# WHAT THE TASK ASKS:
The response consists of the lines from the start of the material below through the line holding "yellow daisy close", repeated word for word and without pictures.

# DATA EXTRACT:
----

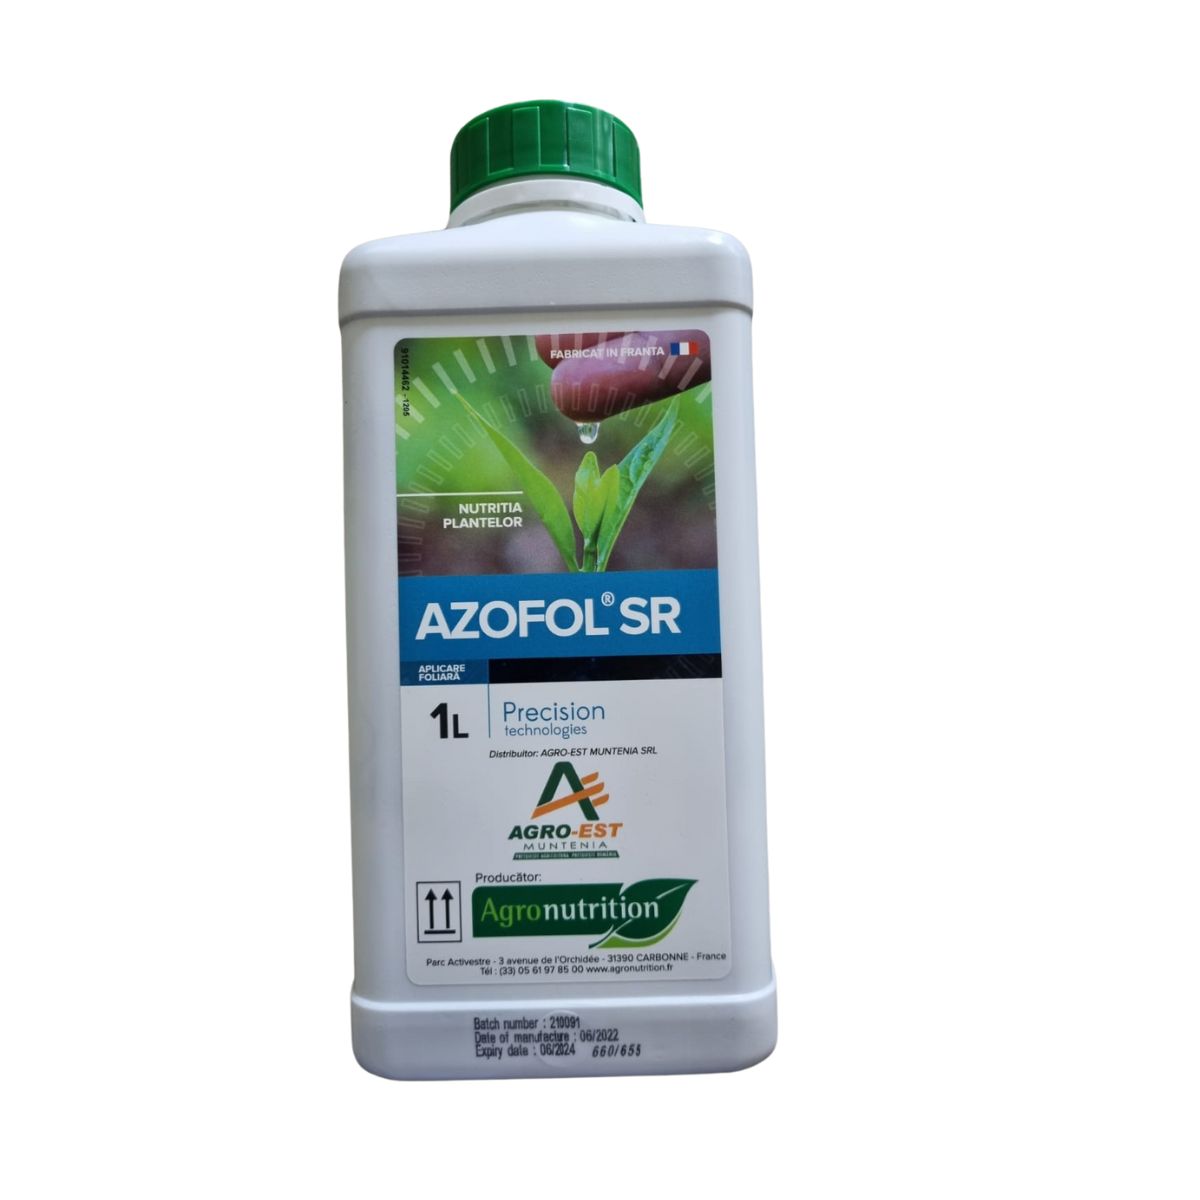 Azot cu eliberare lenta - Fertilizant azot cu eliberare lenta 36% si microelemente Azofol SR, 1 LITRU, hectarul.ro
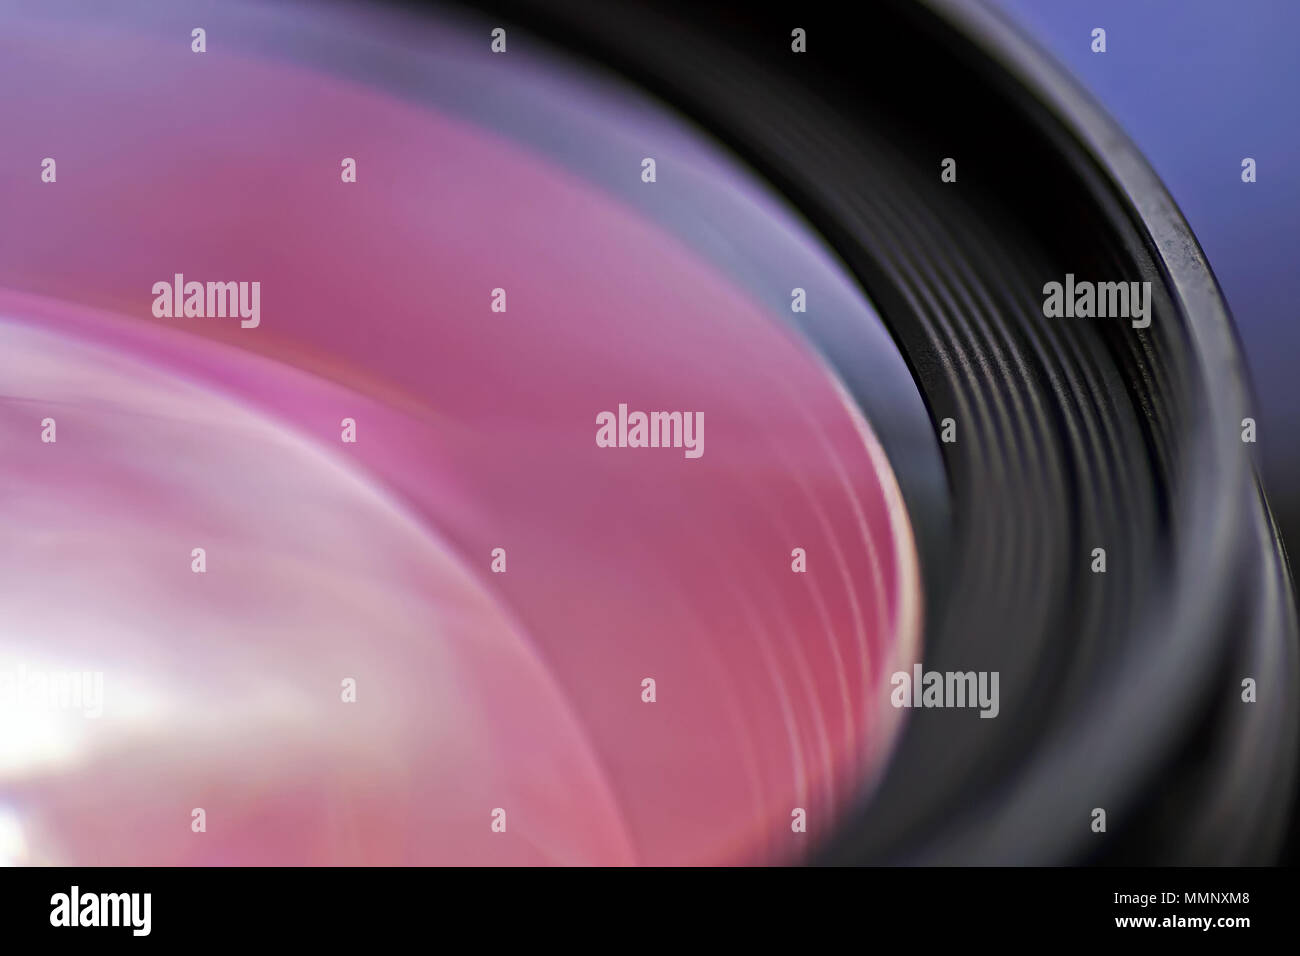 The distinctive anti-reflective coating of a camera lens. Stock Photo
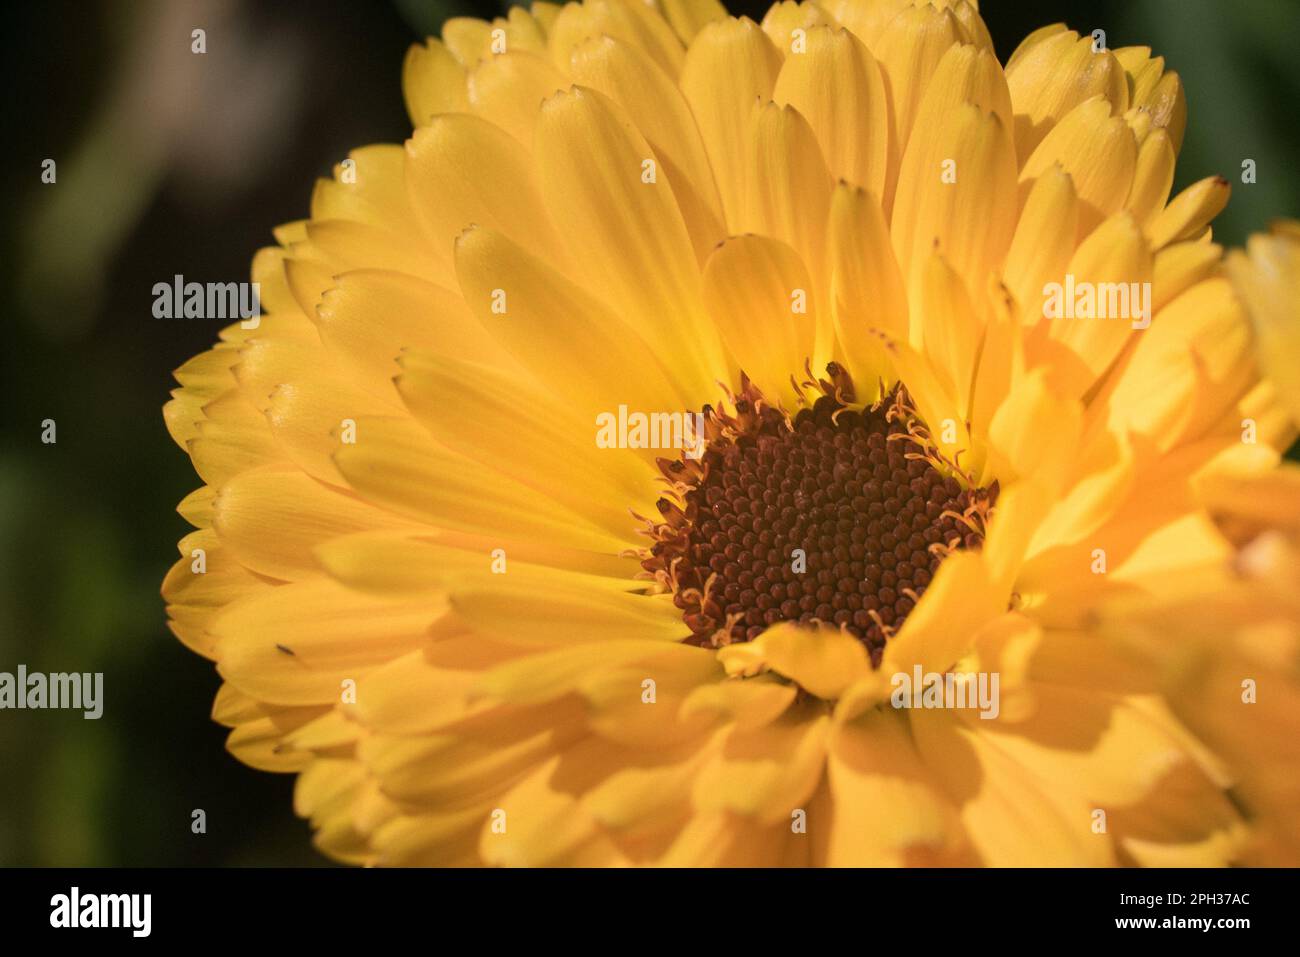 yellow daisy close up with black eye Stock Photo
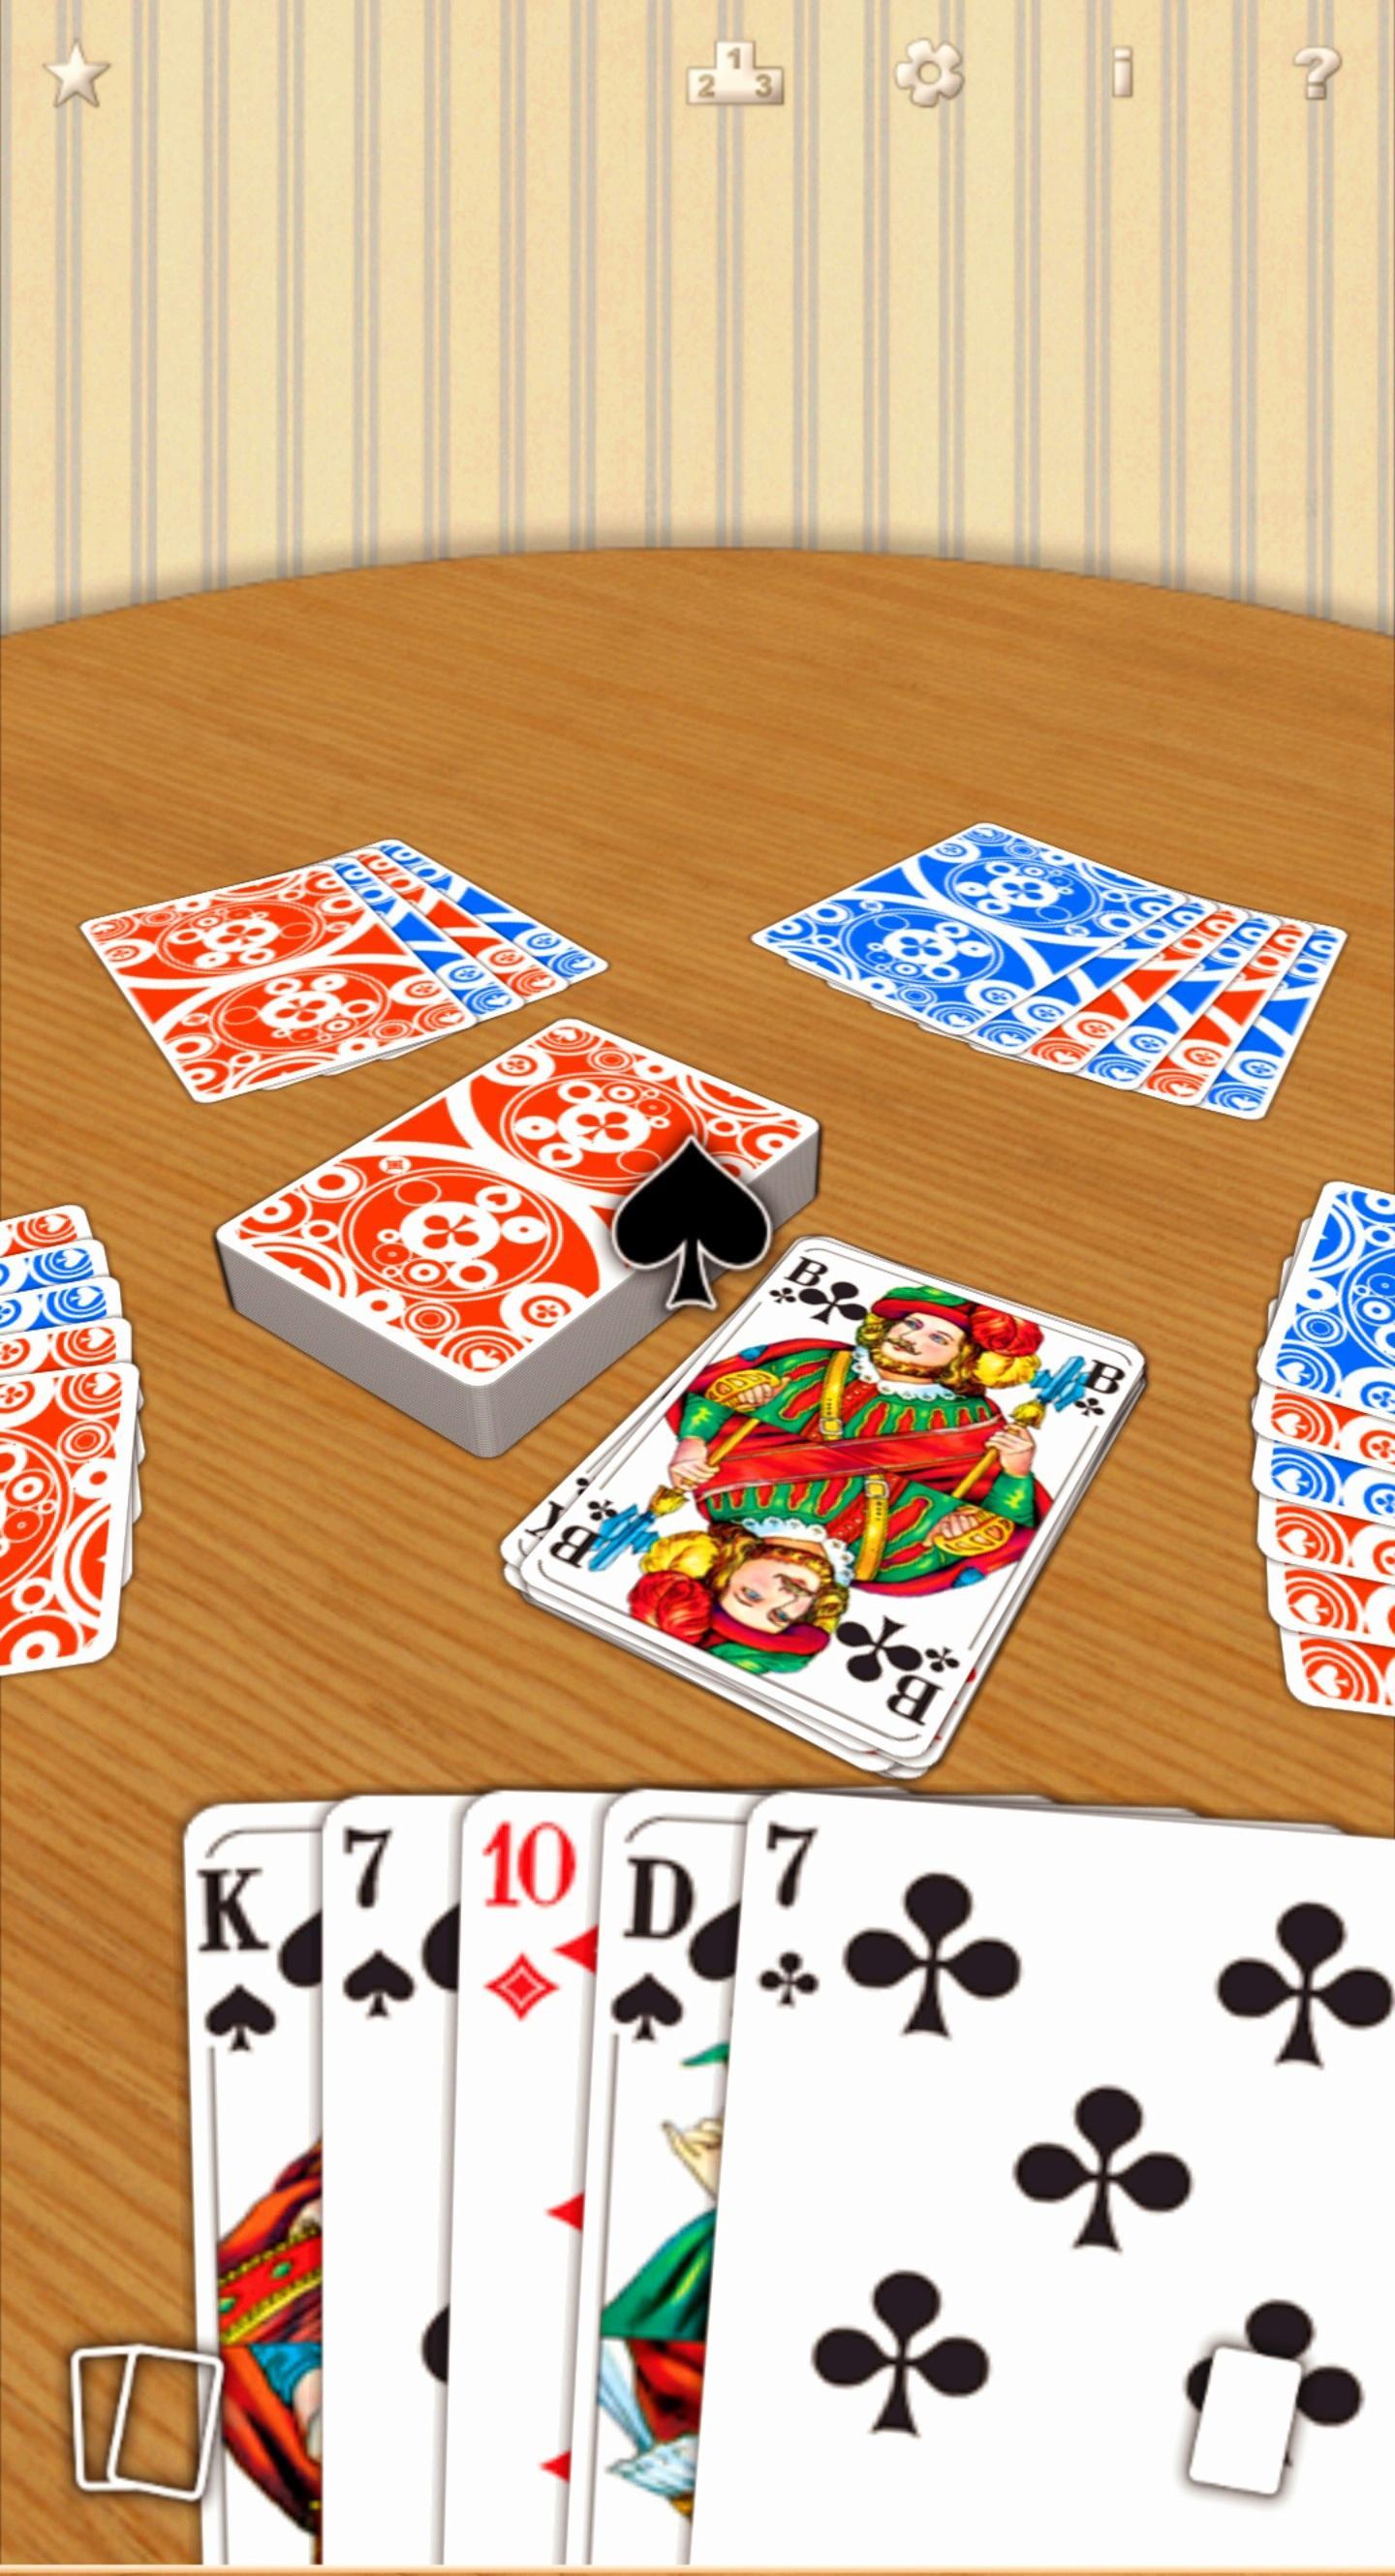 Crazy Eights free card game 1.6.96 Screenshot 19

----

# TASK RESULT:
 Azot cu eliberare lenta - Fertilizant azot cu eliberare lenta 36% si microelemente Azofol SR, 1 LITRU, hectarul.ro
 The distinctive anti-reflective coating of a camera lens. Stock Photo
 yellow daisy close up with black eye Stock Photo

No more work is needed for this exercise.